▸ **What you should do**:
Transcribe the full listing exactly, and drop every picture.

▸ **Stored data**:
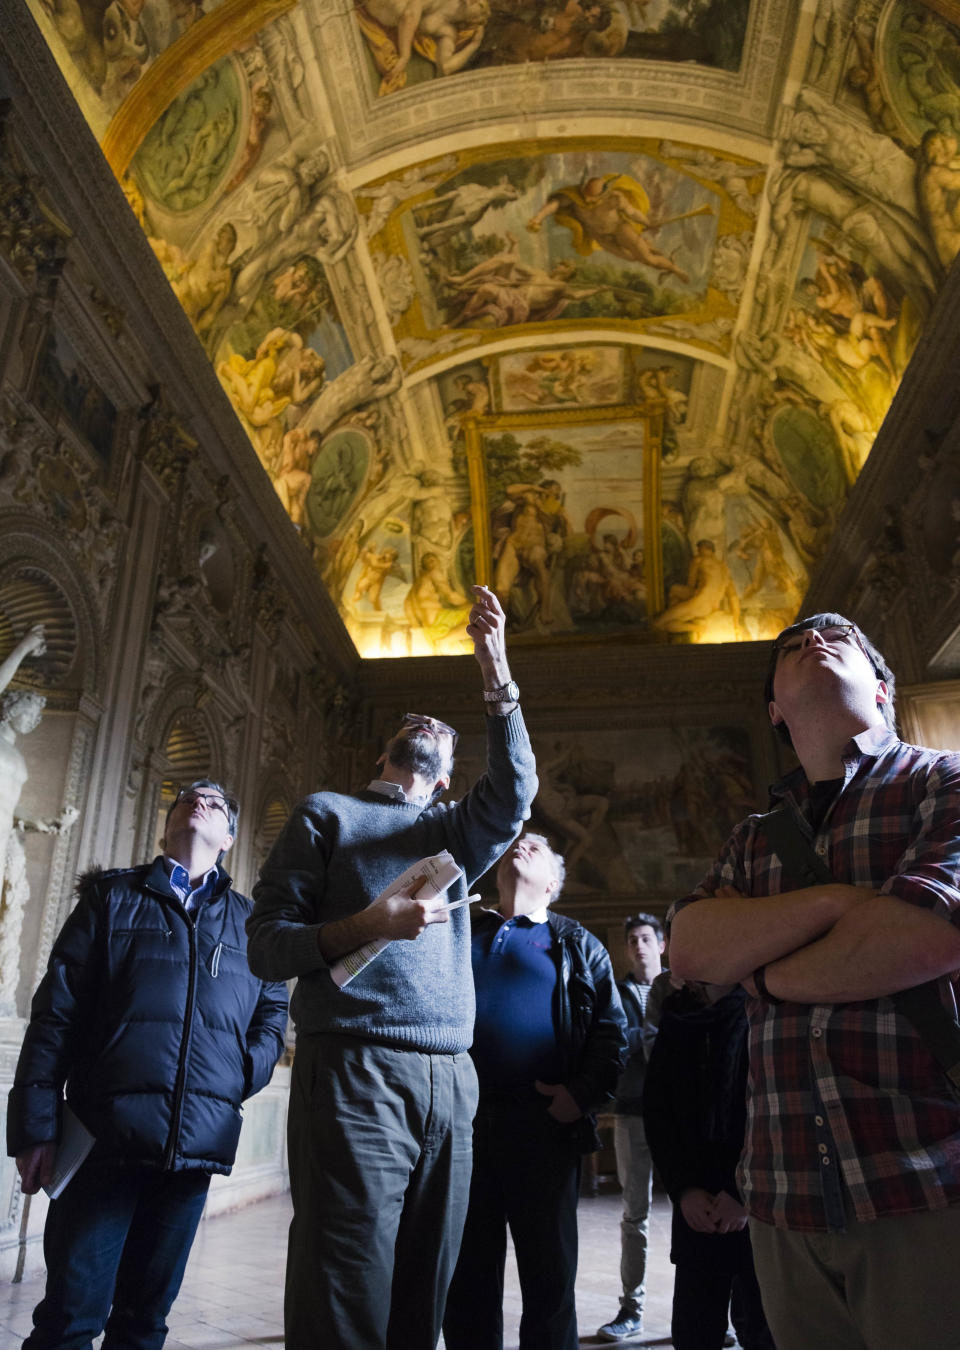 A guide, second from left, shows the frescoed ceilings of the Carracci Gallery in the Farnese Palace that hosts the French Embassy in Rome, Wednesday, Feb. 26, 2014. The World Monuments Fund Europe will allocate some 800 million Euros for the restoration of the about 140 square meters of 16th century frescoes by Annibale and Agostino Carracci that will begin mid March and are expected to be completed in 2015. (AP Photo/Domenico Stinellis)
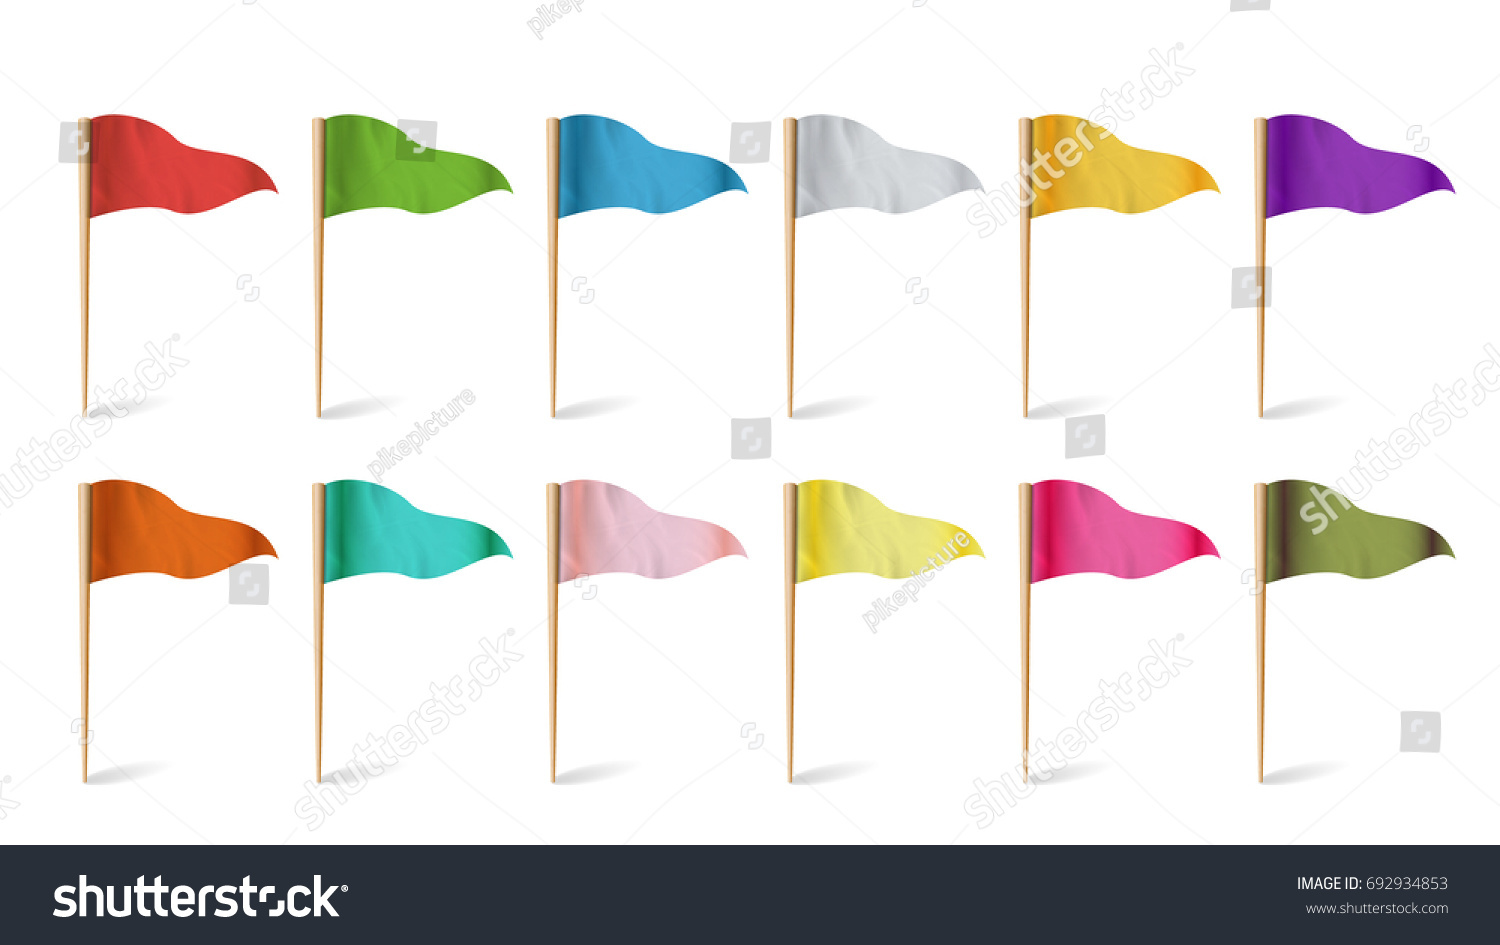 SVG of Colorful Cocktail Flags Vector. Set Multi Colored Pins Illustration. 
 svg
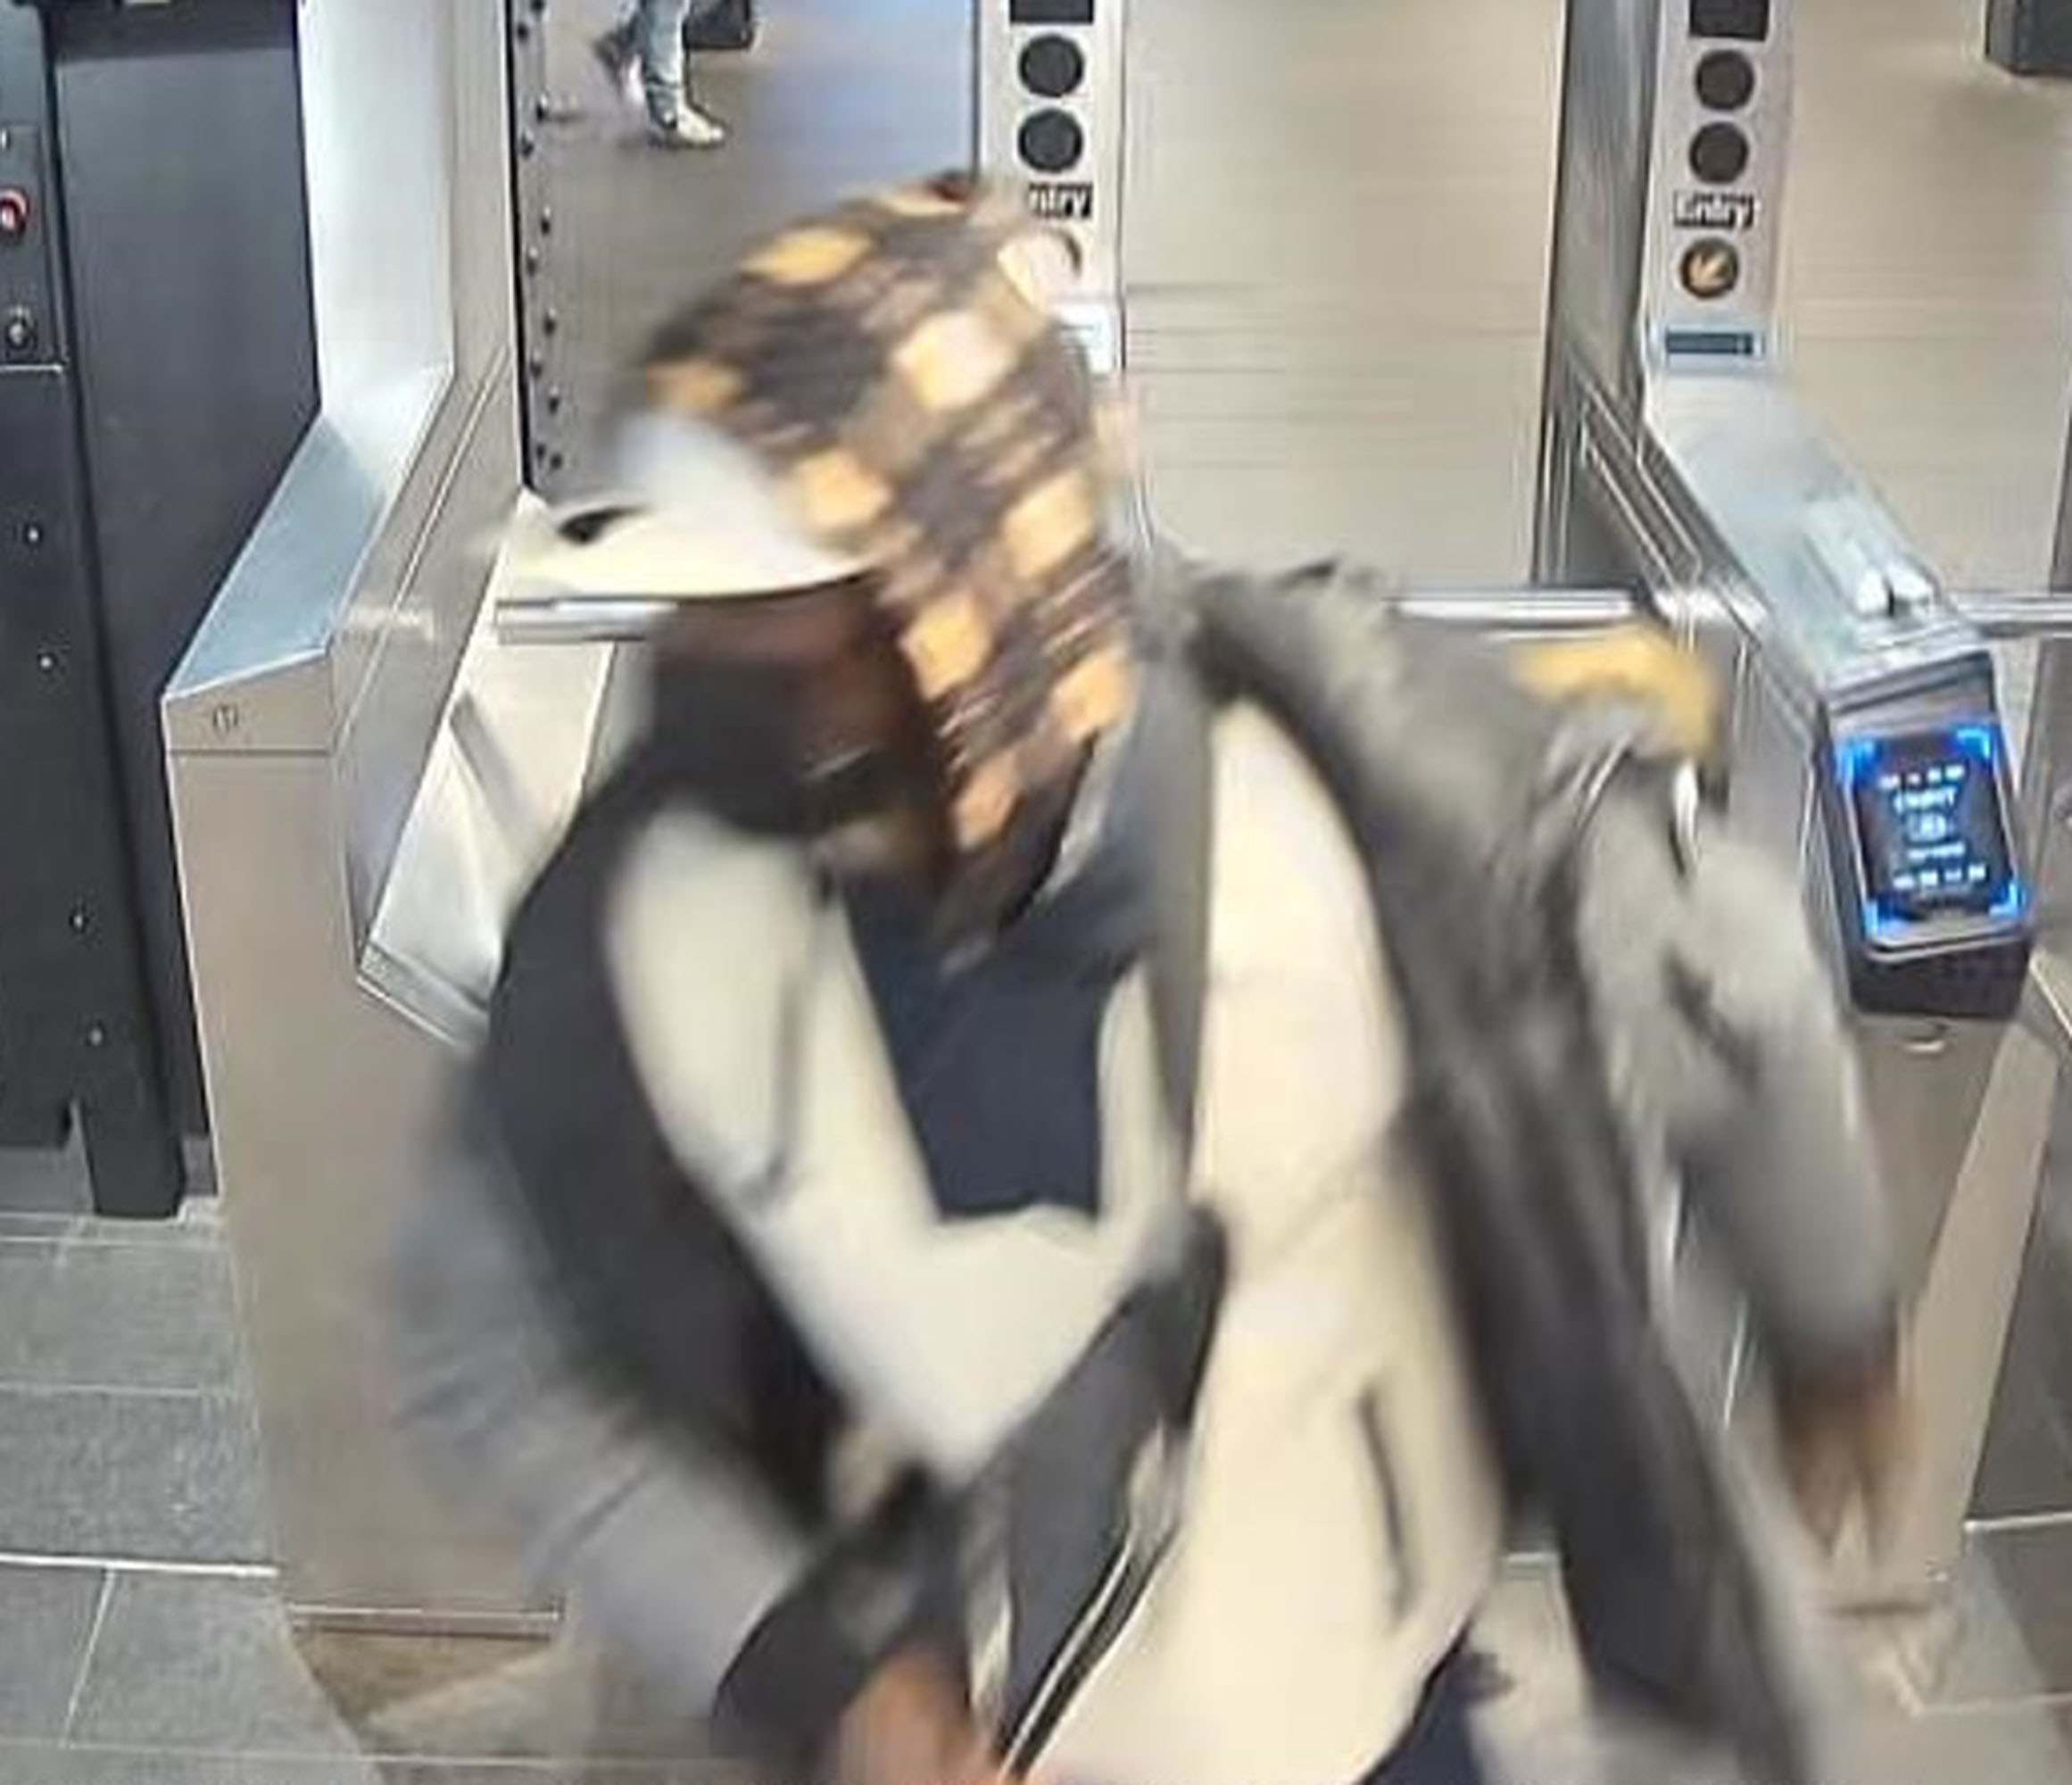 turnstile footage shows the suspect who was covered from head to toe in clothing making it impossible to discern any features.

▸ **Problem solution**:
 A guide, second from left, shows the frescoed ceilings of the Carracci Gallery in the Farnese Palace that hosts the French Embassy in Rome, Wednesday, Feb. 26, 2014. The World Monuments Fund Europe will allocate some 800 million Euros for the restoration of the about 140 square meters of 16th century frescoes by Annibale and Agostino Carracci that will begin mid March and are expected to be completed in 2015. (AP Photo/Domenico Stinellis)
 SVG of Colorful Cocktail Flags Vector. Set Multi Colored Pins Illustration. 
 svg
 turnstile footage shows the suspect who was covered from head to toe in clothing making it impossible to discern any features.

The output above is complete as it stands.